Biohorma en het nationaal reumafonds

Actieblad januari 2002 jaargang 113, nr.1.
Door: Marie P. Prins | Geplaatst: 5 maa 2002
Dat was schrikken. Een advertentie van een hele pagina aan de achterkant van de nieuwsbrief Rondom Reuma van het Nationaal Reumafonds van september voor producten van de firma Biohorma.

Een advertentie op die plaats impliceert zonder meer een werking bij reumatische klachten. Dat is bij de drie kruiden, namelijk Vrouwenmantel (Alchemilla), Arnica (Valkruid) en Duivelsklauw op zijn zachtst gezegd twijfelachtig. Het blad van de vrouwenmantel lijkt op traditionele weergaven van de mantel van Maria, de moeder van Jezus. Dus zou het helpen bij vrouwenklachten, maar ook bij andere bloedingen. Daar trapte zelfs de Duitse Commissie E niet in, maar die dacht dat de tanninen in de plant mogelijk werkzaam konden zijn bij diarree. Met reuma heeft dit alles niets te maken. Al eerder had de Reclame Code Commissie (RCC). Biohorma verteld dat ze Alchemilla niet mochten adverteren voor toepassing "bij stijve spieren en gewrichten." Arnica heeft de reputatie te helpen bij kneuzingen en verstuikingen. Er is één test met een positieve uitkomst voor Arnica, maar latere proeven hebben die niet bevestigd. Bovendien is Arnica allergeen en gevaarlijk bij inwendig gebruik. De FDA beschouwt het als een "dangerous herb". Dus alleen toepassen op een gave huid. Maar verstuikingen en kneuzingen zijn niet hetzelfde als reuma.
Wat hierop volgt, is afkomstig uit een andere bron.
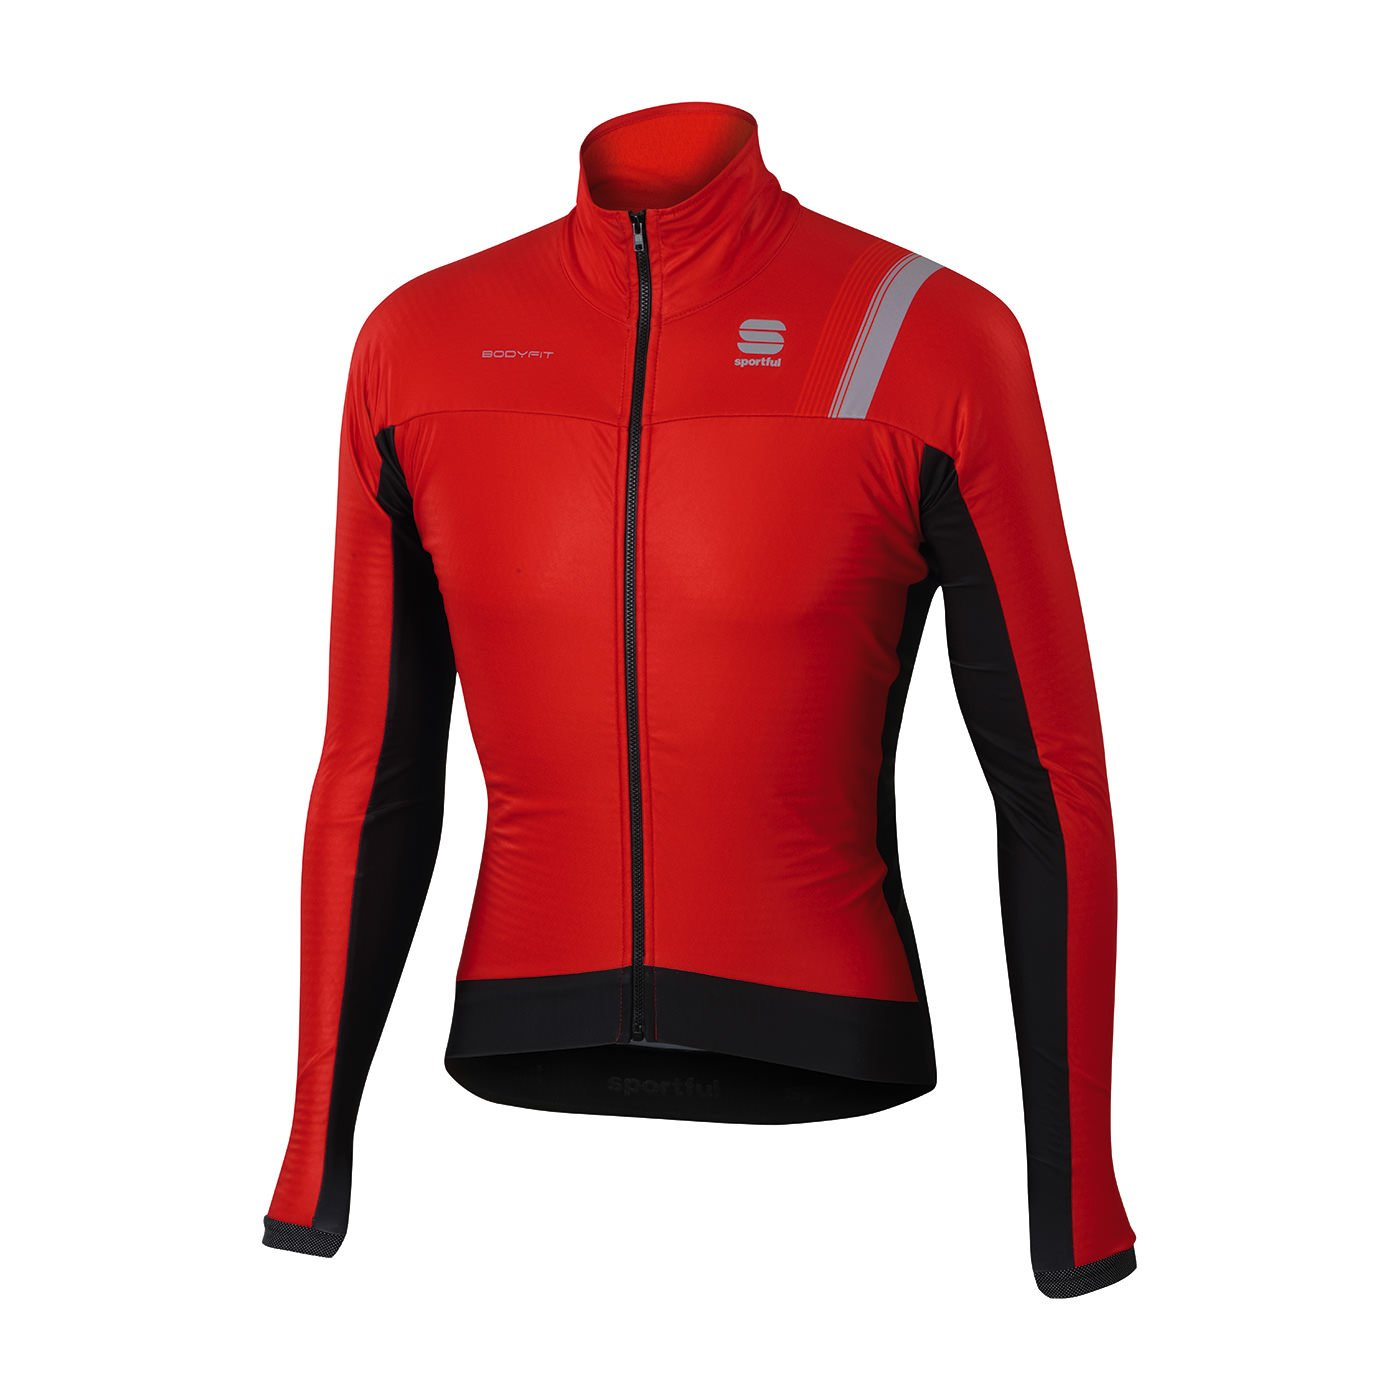 Chaqueta Sportful Bodyfit Pro Thermal Negro-Rojo 2017 ...

Duivelsklauw bevat stoffen die ontstekingsremmend zijn, maar dat is geen bewijs dat de hele plant die werking ook heeft. Bovendien zijn er voldoende veel goedkopere ontstekingsremmers in de handel.

Dus op naar de RCC. Nog een grotere schrik. Volgens Biohorma was het initiatief van deze advertentie niet van hen uit gegaan, maar van het Reumafonds zelf. En een andere verrassing was de volgende zin in het antwoord die betrekking heeft op hun onderzoeksgegevens: Wij benadrukken dat het hierbij om strikt vertrouwelijke stukken gaat, die alleen aan het beroepscollege van bezwaar van de Stichting Reclame Code Commissie ter beschikken worden gesteld. Wij gaan er derhalve vanuit dat u dit ook als zodanig behandeld en niet aan derden ter inzage aanbied. Vermoedelijk is dit een aanvraag onder Art. 6 van het Besluit homeopathische farmaceutische producten, in welk geval een wetenschappelijk bewijs van de werking niet eens hoeft te worden overlegd. Het wordt spannend. Want tot nu toe heeft de RCC dit soort bewijs wel gevraagd.

En dan is het ook nog de vraag of dat artikel 6, dat op verzoek van NEHOMA aan het besluit werd toegevoegd, wel in overeenstemming is met het EU besluit over de registratie van homeopathische producten. Dat besluit geeft namelijk een definitie van deze producten waarbij een het ontbreken van een indicatie een van de voorwaarden is voor de erkenning als een homeopathisch product.